PROBLEM LINK:
Practice
Contest: Division 1
Contest: Division 2
Contest: Division 3
Contest: Division 4
Author: Utkarsh Gupta
Preparer: Jeevan Jyot Singh
Testers: Abhinav Sharma, Venkata Nikhil Medam
Editorialist: Nishank Suresh
DIFFICULTY:
1171
PREREQUISITES:
Frequency tables
PROBLEM:
Given an array A, report whether it has a dominant element, i.e, an element whose frequency is larger than the frequency of any other element.
EXPLANATION:
Let M be the maximum frequency of any element in A. Then,
- If there are two or more elements with frequency M, there cannot be a dominant element
- Otherwise, there is a unique element with frequency M, which is a dominant element
To check these cases, all that needs to be done is to know the frequency of every element of A. Note that computing frequencies by iterating across the entire array each time might be too slow, because it can be a complexity of \mathcal{O}(N^2) in the worst case.
Instead, we build the frequency array of A. This can be done as follows:
- Let F be our frequency array.

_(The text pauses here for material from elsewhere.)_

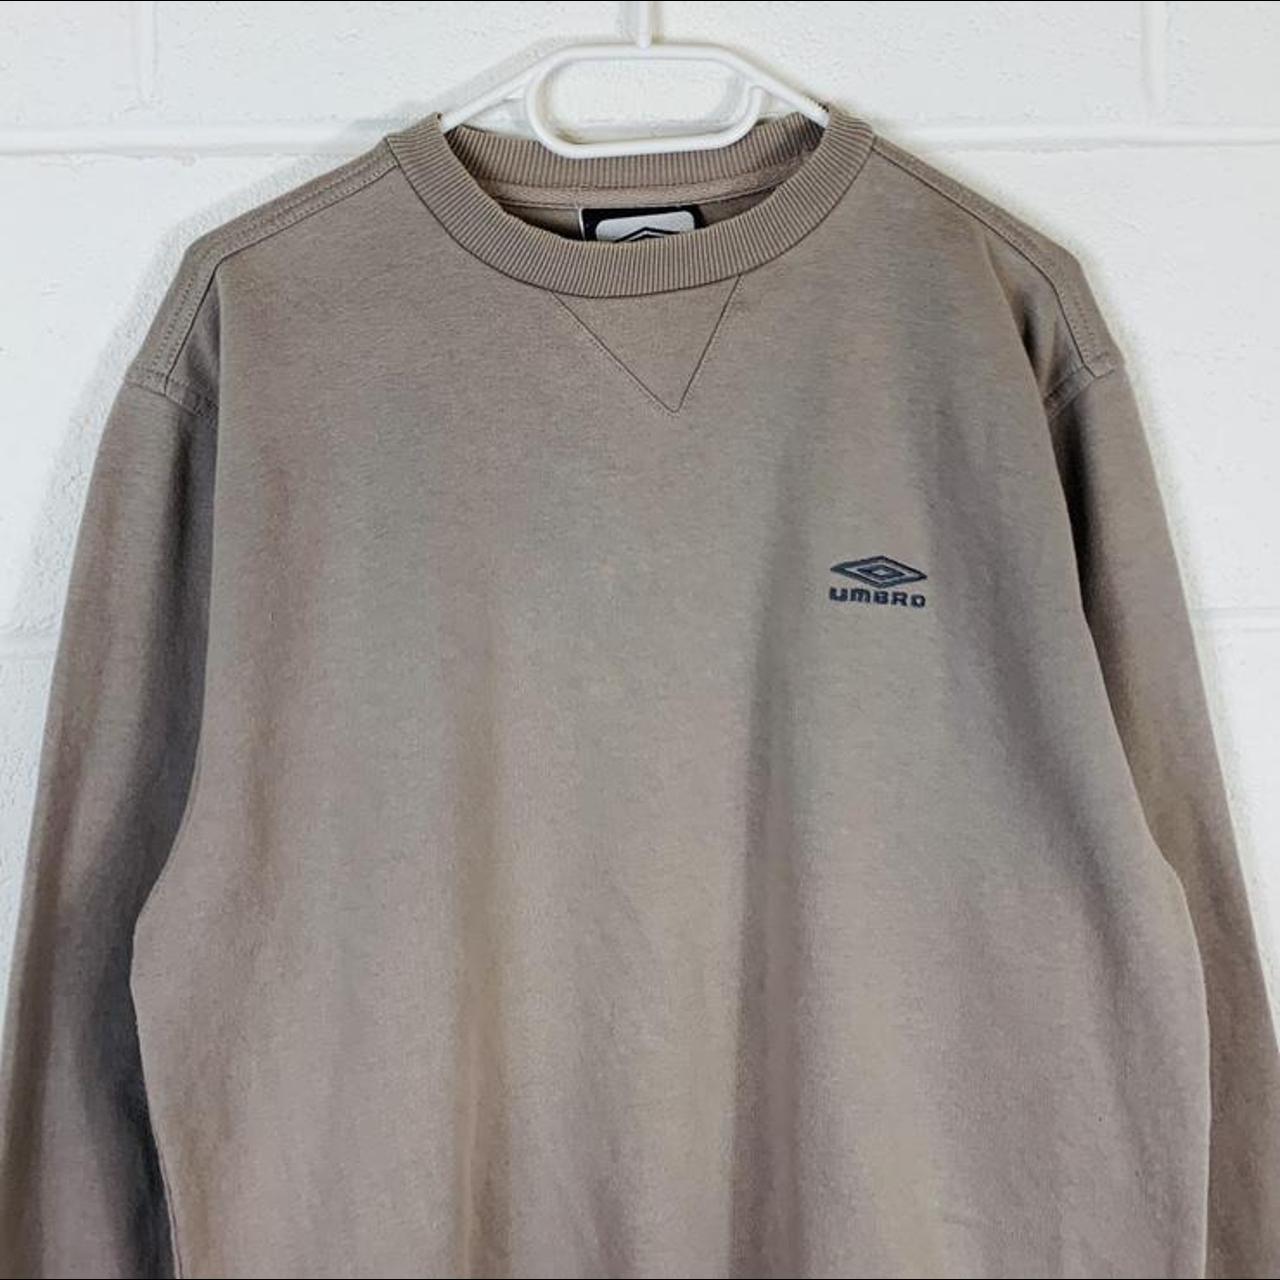 Vintage Umbro Sweatshirt in Grey. Embroidered... - Depop

Since every element in A lies between 1 and N, it is enough to have F be of length N.
- Initialize F with zeroes.
- Then, for each i from 1 to N, add 1 to F_{A_i}.
- At the end of this, F_x holds the number of times x appears in A.
Now that we have F, we can solve the problem as mentioned in the first step. Let M be the maximum element of F, and then check whether M appears exactly once in F (in which case the answer is “Yes”) or more than once (in which case the answer is “No”).
TIME COMPLEXITY:
\mathcal{O}(N) per test case.
CODE:
Tester (C++)
// Tester: Nikhil_Medam
#include <bits/stdc++.h>
using namespace std;
#define endl "\n"
const int N = 1e3 + 5;
int t, n, a[N];
unordered_map<int,int> freq;
int32_t main() {
cin >> t;
while(t--) {
freq.clear();
cin >> n;
for(int i = 1; i <= n; i++) {
cin >> a[i];
freq[a[i]]++;
}
int max_freq = 0, max_freq_count = 0;
for(auto &i: freq) {
if(i.second > max_freq) {
max_freq = i.second;
max_freq_count = 1;
}
else if(i.second == max_freq) {
max_freq_count++;
}
}
if(max_freq_count == 1) {
cout << "YES" << endl;
}
else {
cout << "NO" << endl;
}
}
return 0;
}
Editorialist (Python)
for _ in range(int(input())):
n = int(input())
a = list(map(int, input().split()))
freq = [0]*(n+1)
for x in a:
freq[x] += 1
mx = max(freq)
print('yes' if freq.count(mx) == 1 else 'no')